Я согласно кивнул — горло от волнения перехватило.
— Всем заправляет совет — пятёрка. Выборная. А всего нас тридцать один гаврик. Ты — тридцать второй. Коммунары! Примем Геру Рязанова в свою семью? Кто — «за»?
— Вообще-то в метрике я записан Юрием.
Против оказался один — Карзубый.
— Доказательства? — потребовал Шило, председательствующий на собрании.
— Чухнёт он от нас — домашняк. Нежного воспитания. Такие сразу сопли распускают, — резко высказался Карзубый.
— Ручаюсь за него, — заявил Шило. — Я этого пацана лично знаю. Добрый хлопец. В блудягу не заведёт. Надёжный.
— Если подписываешься — другое толковище, — сдался Карзубый. — А я остаюсь при своём мнении.
Как мне сразу полегчало, когда воспет произнёс:
— Принят.
И тут Генка, ёрзавший рядом со мной, как на гвозде, выкрикнул:
— А я — тридцать третий! Я тоже всё умею. И на мойку согласный. Хоть посуду, хоть што…
— Кружки от пива ополаскивать, — съязвил Карзубый.
— А с пряников пыль сдувать умеешь? С кондитерской фабрики заявка поступила, — схохмил другой коммунар.
— Братва, имейте совесть, — урезонил ребят воспет и внимательно, даже пристально всмотрелся в Гундосика. И глаза у него стали такими, словно испытывал боль, которую терпел и скрывал. Такие глаза у мамы бывали, когда что-то очень неприятное обрушивалось на нашу семью.
— Тебе сколько? — спросил он тихо.
— Пятнадцать, — выпалил Генка. — Шишнацатый.
— Эх, — выдохнул Николай Демьянович. — Не надо, Гена, слона в спичешный коробок заталкивать.

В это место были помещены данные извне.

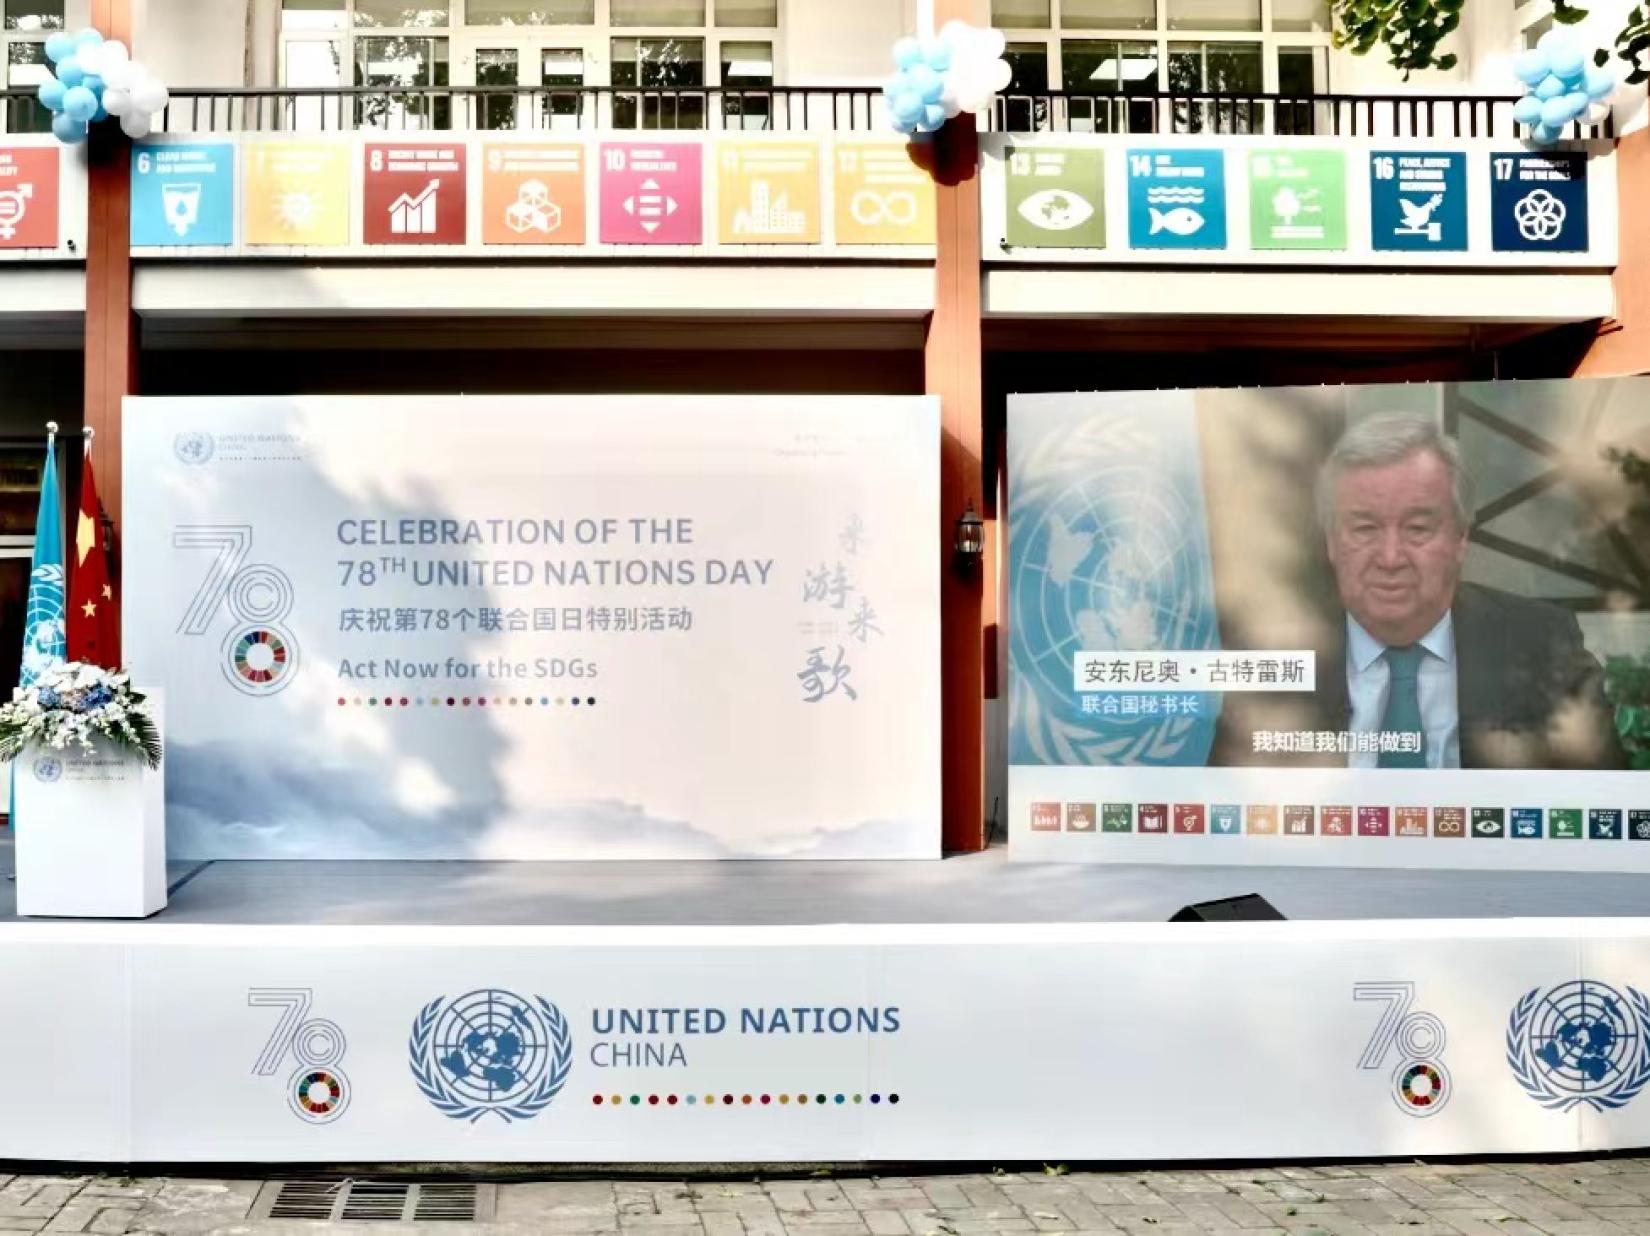 Video message from Mr. Antonio Guterres, UN Secretary-General
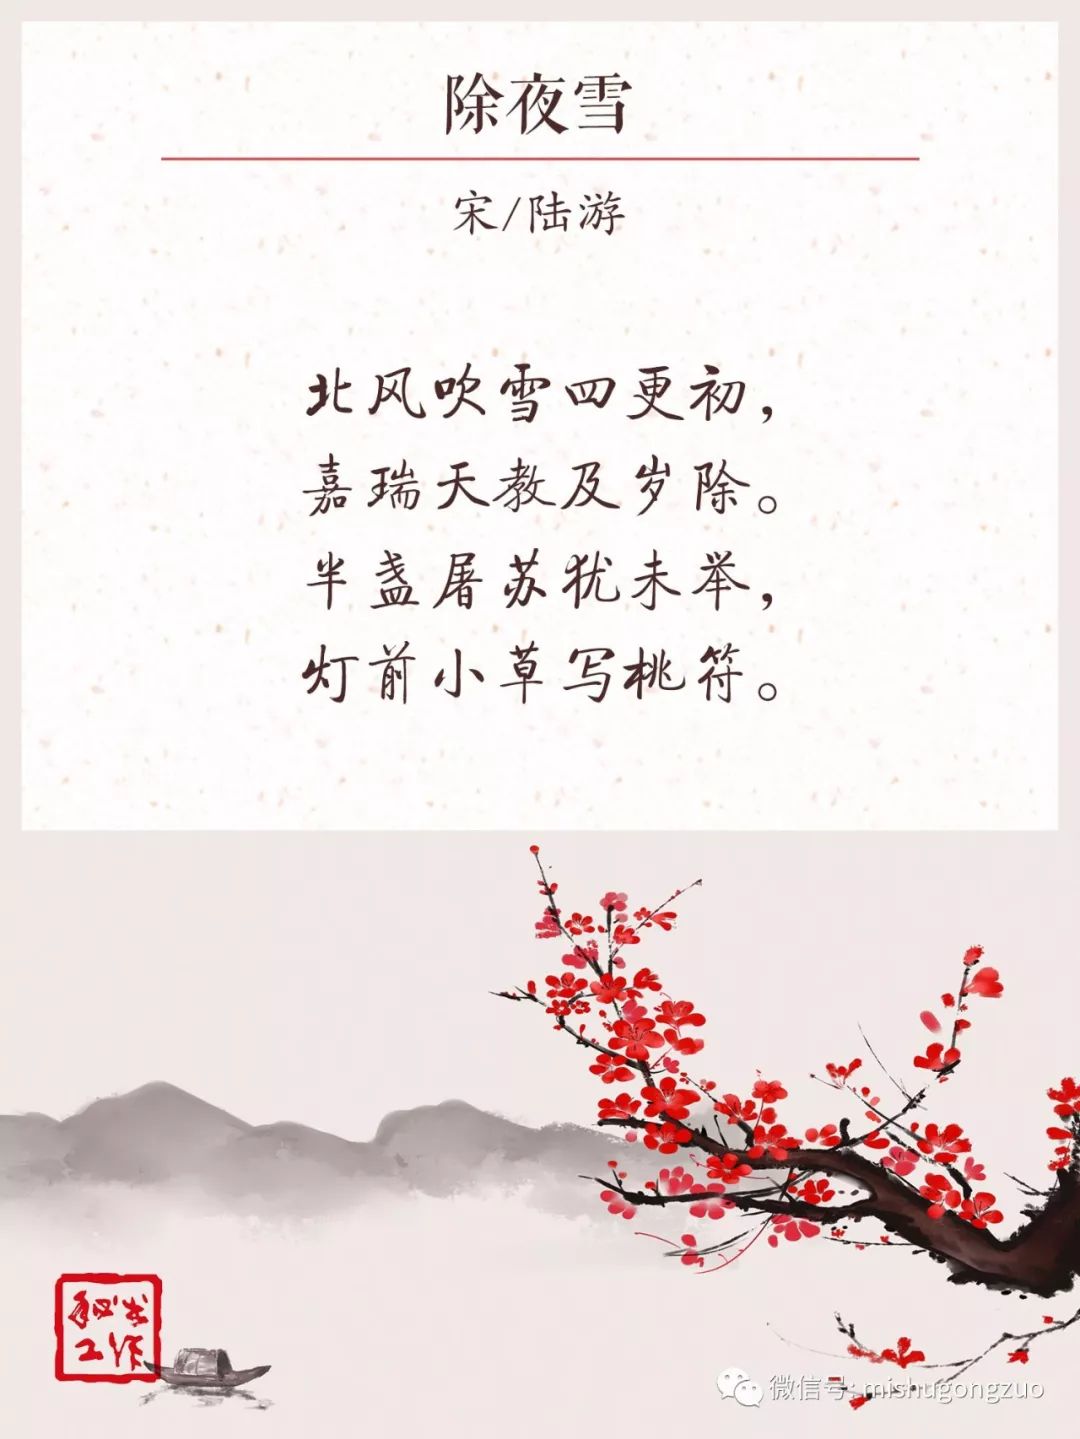 关于春节的诗句祝福图片

Десять лет тебе.
— Всё равно примайте в коммуну, — отчаянно потребовал Гундосик. — Не раскаитесь — я тожа сильный.
— У тебя и шея, как у быка, — опять подначил бедного Генку Карзубый. — …Хвост. Гы-гы…
— Он ловкий, — вступился я за друга. — Примите его… пожалуйста.
Последнее слово прозвучало в компании, окружавшей нас, нелепо.
Лицо воспета со следами старых шрамов перекосилось, как от занывшего дуплистого коренного зуба.
— Эх, Гена, да разве я против тебя. Всех бы вас, таких бедолаг, возле себя собрал, да не имею права. Меня за тебя по головке не погладят. Пустят в тасовку.[368] Не оправдаешься.
— Ну, не откажите, — взмолился Генка. — Не откажите сироте, пожалста…
Интонация, с какой Гундосик произнёс свою просьбу, очень походила на ту, когда он попрошайничал.
— Не могу, — выдохнул воспет. — Братва не даст добро. Не могу. Малолетка ты.